On June 24, 2004, Røros woman Gunhild Sollie received the gift of life for the second time. A life-threatening tumour of the cerebellum was already the size of a plum. Utilising a completely new operating method, doctors were able to do the “impossible”. The tumour was removed during a 14-hour long operation, without any damage to Gunhild’s brain.

The new operating method is based on an ultrasound-based navigational system developed through an interdisciplinary collaboration over many years between technologists and physicians at SINTEF, NTNU, St. Olav’s Hospital and the company, Mison.

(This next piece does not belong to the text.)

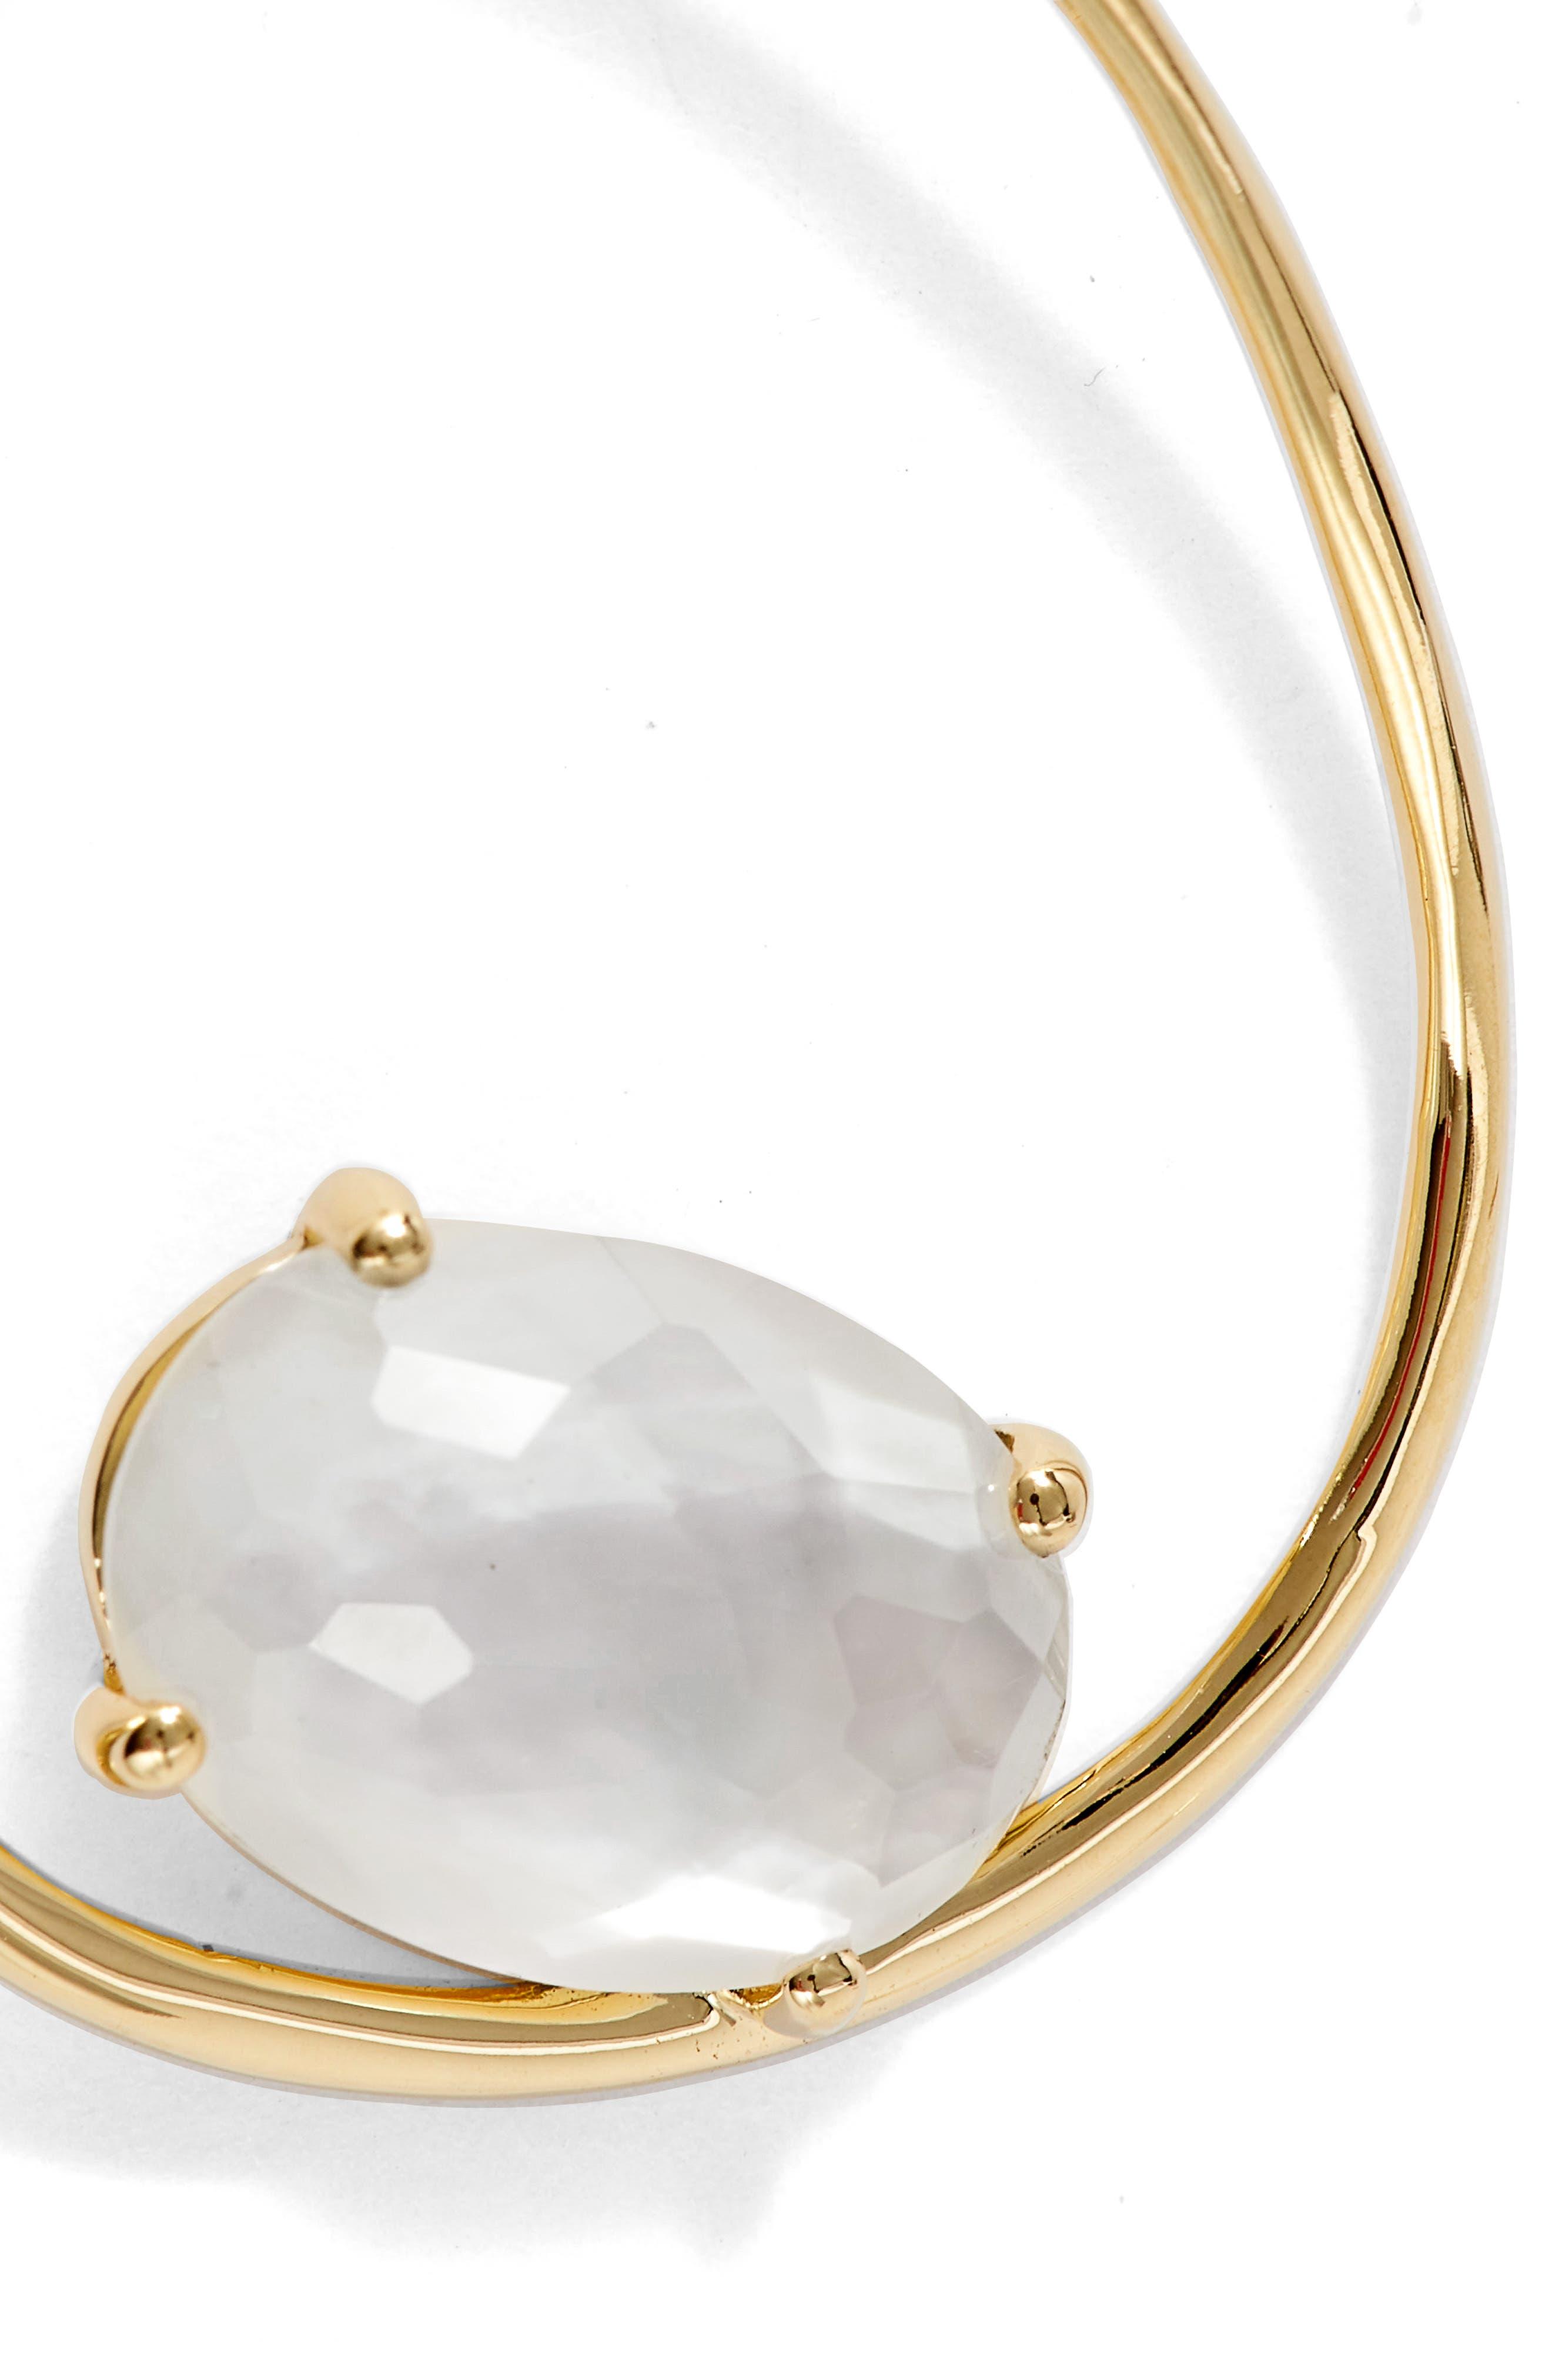 Rock Candy 18K Gold Large Drop Earrings,                             Alternate thumbnail 5, color,                             106

The system produces a “road map” or, more precisely, a “body map” comprising 3D MR pictures taken of the patient prior to the operation. These pictures are saved on a computer. The objective of the system is to connect these pictures with the live pictures taken when the patient is on the operating table.

The three-dimensional pictures appear on a screen in the operating theatre – just like GPS navigation in a car. The system traces the position of the surgeon’s operating instruments and plots them on the ”body map” in the same way that a car’s position is plotted on a map in the car.

 

 

 

To track the position of the ultrasound (US) probe and surgical instruments, the navigation system radiates infra-red (IR) light from an arm-mounted camera. The navigation tools are equipped with four reflecting spheres, which are detected by the system. The position of the instrument is indicated in image slices extracted from 3D MRI or 3D US volumes of the patient (left monitor). Conventional 2D US is shown on the right monitor. (ill. OM Rygh)

 

As the surgeon operates, removal of the tumour mass and loss of spinal fluid leads to movement in the brain and, as a consequence, imprecise navigation. The map the surgeons are using to guide them must then be updated with new pictures. These new pictures are produced with the aid of an ultrasound probe, which is used during the entire operation. The probe sends sound signals like an echo sounder, and provides pictures that show the brain’s landscape as the operation is taking place. The new pictures enable the surgeon to navigate the instruments with great precision. As a result, the chances of damage to normal brain tissue is reduced, it is easier to locate the tumour and to remove more of it.